Thankfully, we reached the lunch chalet precisely when the sky turned dark and the rain storm rolled in. Chata pri Zelenom plese (Green Lake Mountain Chalet) was the perfect spot to sit back and watch the rain storm while feasting on a well-deserved lunch of perogies and Slovak beer. The chalet was packed with hikers from all the different trails trying to stay dry from the rain.
The Chalet was a place we could stay for awhile, but we still had to hike another 2.5 hours back down the mountain. We decided to make a go for it in hopes the rain would stop soon. We set out on what we thought was the red trail that would take us to the village next to Zdiar. As we scurried through rocks and trekked through puddles of water, we came to what we thought was the second lake on our route. Soaked Brett stopped to take it all in and cherish the rain storm. The rain was coming down hard and something about the direction we were headed just didn’t seem right so we unanimously decided to turn around and return to the warm chalet. And rightly so, as it was a different route headed in the wrong direction. We immediately ordered hot tea and took off some of our wet clothes. Christie bought a few rain ponchos and we waited for the rain to subside.

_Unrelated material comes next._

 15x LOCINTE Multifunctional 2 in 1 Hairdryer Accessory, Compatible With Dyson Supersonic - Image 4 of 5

Finally there was a break so we made a run for the hills. This time down the correct red path. After 30 minutes we arrived at the second lake called “Biele Pleso” (Big White Mountain Lake). The sun was making an appearance, and the scenery by the lake had begun to change. “Biele Pleso Lake” was equally as special as “Zelene Pleso Lake”, enhanced by a quiet and peaceful feeling. There were two routes to take back from the lake. The original route we planned on the green trail would take 3.5 hours while the blue trail would take 2 hours. Given the late hour, we opted to take the blue trail back down the mountain, which would lead us back to our starting point at Biele Voda.

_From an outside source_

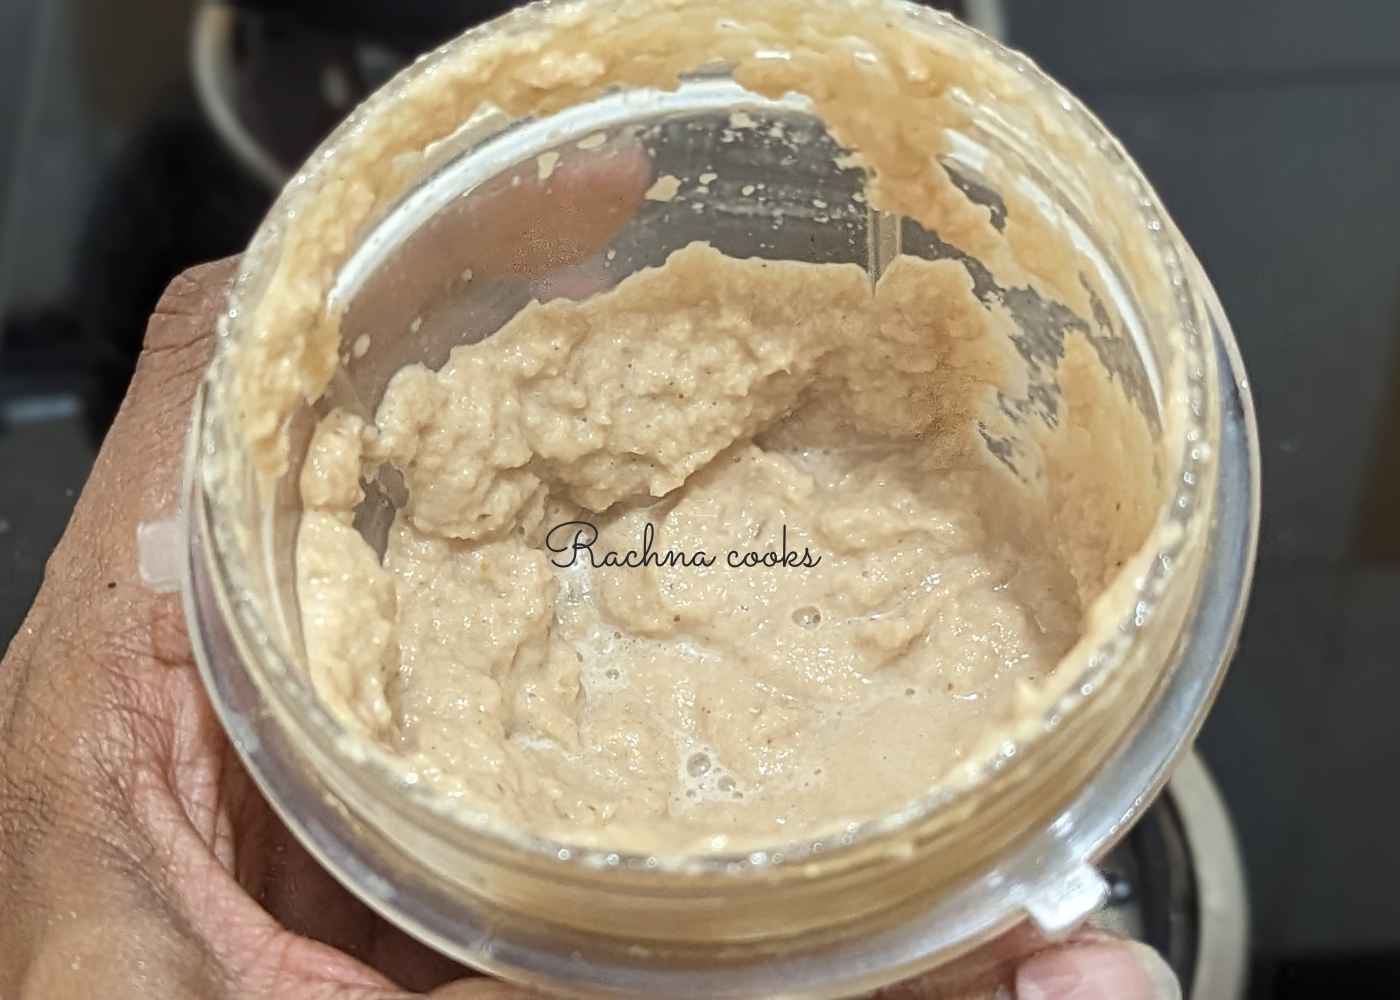 Sauteed onions blended in a blender jar.

After a grueling 2 hours down steep wet rocks we made it close to the beginning of our initial yellow trail. The hike down was mostly on slippery rocks. Brett slipped at one point and is now ailing with a broken/fractured finger. We were happy to finally spot the main road. As we saw our bus pass by we ran down the path and across the street, just making it in time. Our day hiking the High Tatras was a once in a lifetime experience with some of the most breathtaking views one can imagine. We just need to remember next time to take the weather forecast more seriously and pack warmer rain gear. Basically be prepared for anything when venturing on a long hike where the climate can change drastically at any moment.
Happily warm and cozy back in Zdiar, we enjoyed our last two nights just chilling out with new friends at Ginger Monkey. Our last night Dan took us out to a special dinner at the other end of the village where we ate traditional Slovak food and watched a traditional folk band play both traditional folk music, as well as songs like “Sex Bomb” and “Titanic”. It was the perfect ending to our marvelous time in Zdiar and the High Tatras.